For two decades now on the 25th February, we remember the victims of the Communism. On this day in 1947 Béla Kovács, Secretary General of the Independent Smallholders’s Party was arrested. He was taken to the Soviet Union, where he was imprisoned for eight years. First on the Gulag, then in the prison of the Ministry of State Security in Moscow.
The Hungarian Catholic Church suffered many tribulations during the red dictatorship, the path of its witnesses was full of executions, tortures, humiliations and long years in prison. But the time of the intimidations and retaliations also showed what a strength and perseverance may come from the faith in God, resulting in a strong fidelity to truth and justice.
As last year in the Exaltation of the Holy Cross parish of Pócspetri His Eminence, Cardinal Péter Erdő said, we should always remember the sufferings to which our ancestors were bound by their faith. We should ask why they did this, or – to be even more precise – for whom was all this done. It was Jesus, for whom we have suffered through the centuries, and he is, who still has a message even today. “We have to ask what he wants from us today, and we shall be as faithful to him, as were the great ones of our nation!”
As faithful as the nun, Irén Szita – one of the witnesses of the series He and I – was to Jesus, who has spent years in the prison of the Communism. Her life teaches the people of today, both the faithful and the searchers that in the times of the great trouble God gives strength: “I have never had such a beautiful Christmas in my life then in the solitary confinement. (…) I always felt, that the way I live this, is not because of my weak will, but Lord gives strength to it. (…) I ask my dear fellow humans to never forget Jesus, because he is merciful and has a loving heart, and if we are looking for him, then he is always there , and never abandons us.”

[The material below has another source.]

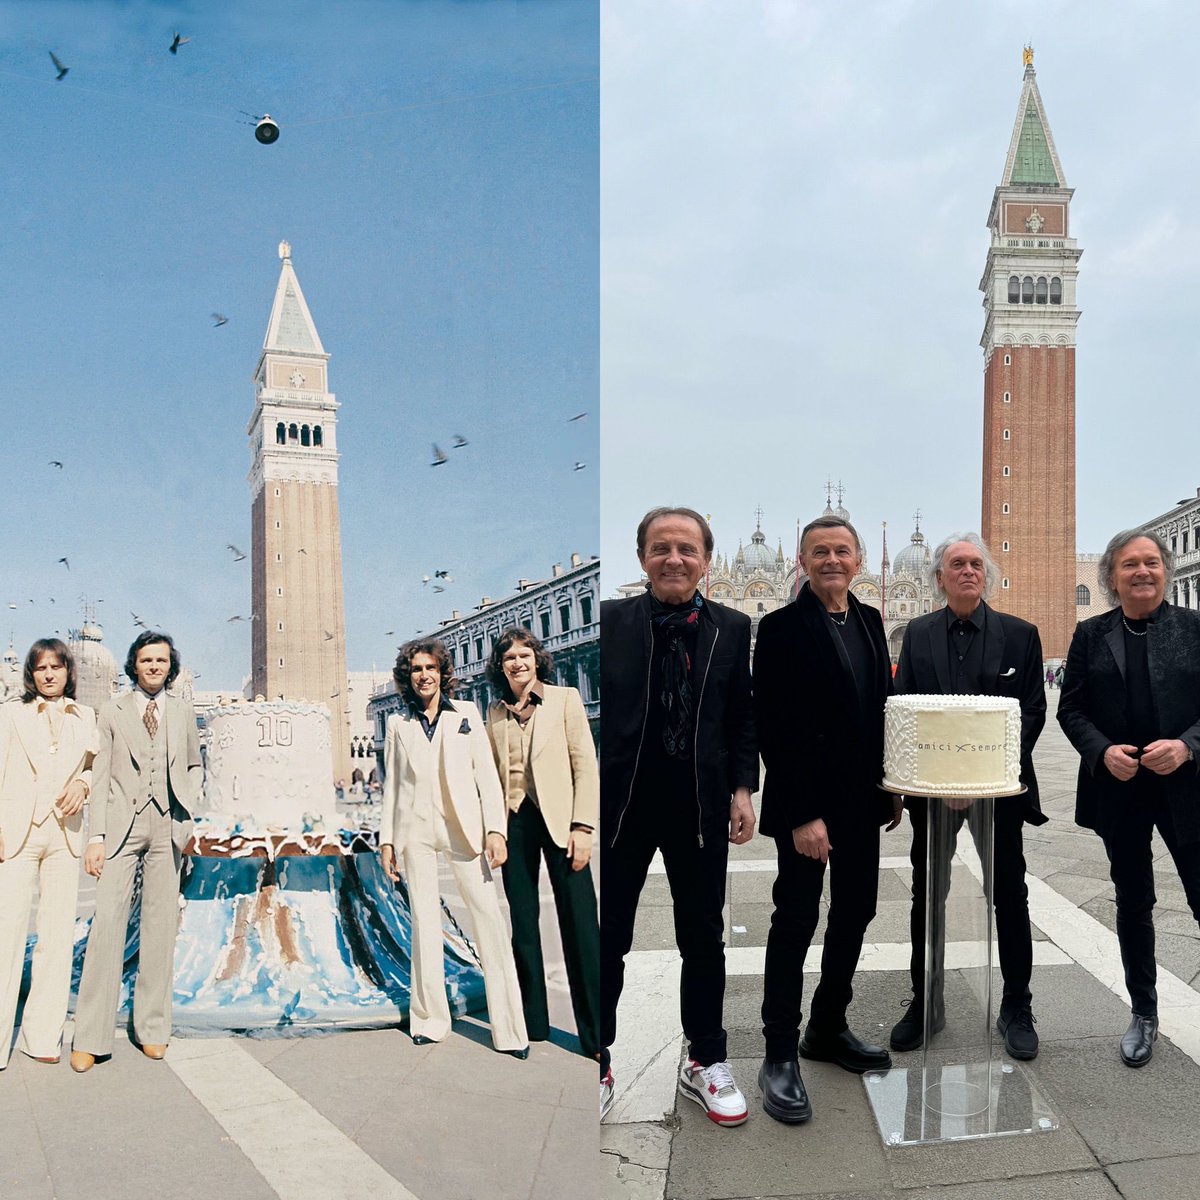 48 anni fa festeggiavamo i DIECI ANNI di vita facendo una foto STUPENDA che è rimasta nella nostra STORIA in PIAZZA SAN MARCO. Domani ALLE 11:00 apriranno le vendite per la DATA ZERO che faremo all’ARENA DEL MARE 42°15° di #TERMOLI. #Pooh #amiciXsempre #Venezia

Cardinal Péter Erdő’s words in Pócspetri serve as a guidance between the slipping intents of men and the plan of God: “Even in our days, history works on two levels. In the flow of events on the surface work the honest, or false, self-confident or malicious, generous or selfish endeavours. While in the deep, the plan of God is moving forward, which does not exclude human suffering and tragedies, but serves the eternal and full justice. Because our life surpasses time and space, because the trials and tribulations of the earthly life are dwarfed compared to the final justice of the eternal happiness.
Between 13-20 September, during the 52nd International Eucharistic Congress such a country will host the Catholics from all over the world, which owes its freedom from the Communism also to those authentic representatives of the Church, who – even in the greatest dangers – were strong enough to call Jesus for help in their decisions.